1. Introdução
O presente trabalho objetiva demonstrar a segunda face do delinquente. A partir de estudos acerca da Vitimologia, donde identificamos a vítima provocadora e a vítima da sociedade – tipos que serão brevemente abordados no segundo capítulo do presente trabalho – revelou-se interessante estudar o processo de vitimização do delinquente.
No terceiro capítulo, abordaremos a falência do sistema prisional, oportunidade na qual demonstraremos como se alimenta aquele procedimento vitimizador.

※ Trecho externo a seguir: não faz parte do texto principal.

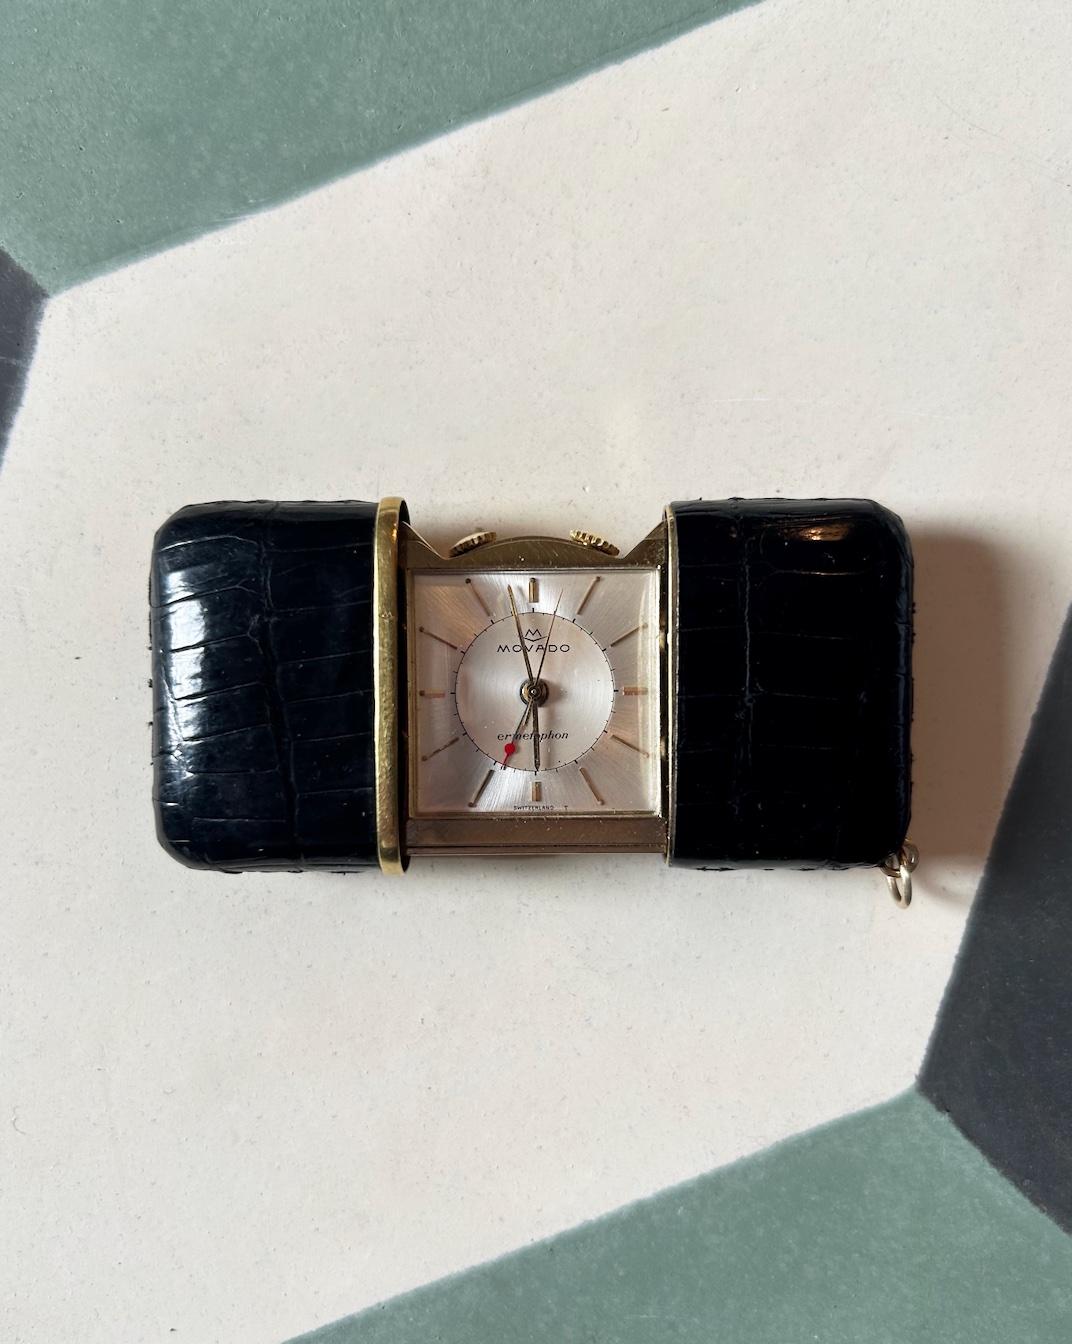 Swiss Movado ‘Ermetophon’ Purse Watch with Alarm, 1950s

Traremos ainda, já no quarto capítulo, a Teoria da Rotulação, entendida como o etiquetamento do delinquente.
Por derradeiro, concluiremos o trabalho demonstrando a face vítima do delinquente, bem como alertando para as vitimizações primária, secundária e terciária, que desta única vítima derivam.
2. Breve relato: Surgimento da Vitimologia e Conceitos Correlativos
Do ponto de vista da psicologia, a vitimologia proporciona um estudo técnico de determinação da participação da vítima e do agressor num feito criminoso – aqui entendido não apenas como um delito tipificado, mas qualquer feito considerado antissocial. Nesse contexto, a vitimologia é o estudo das causas determinantes para que certas pessoas sejam vítimas de certos delitos e como o estilo de vida dessas pessoas implica em uma maior ou menor probabilidade de que elas sejam vítimas de um crime1.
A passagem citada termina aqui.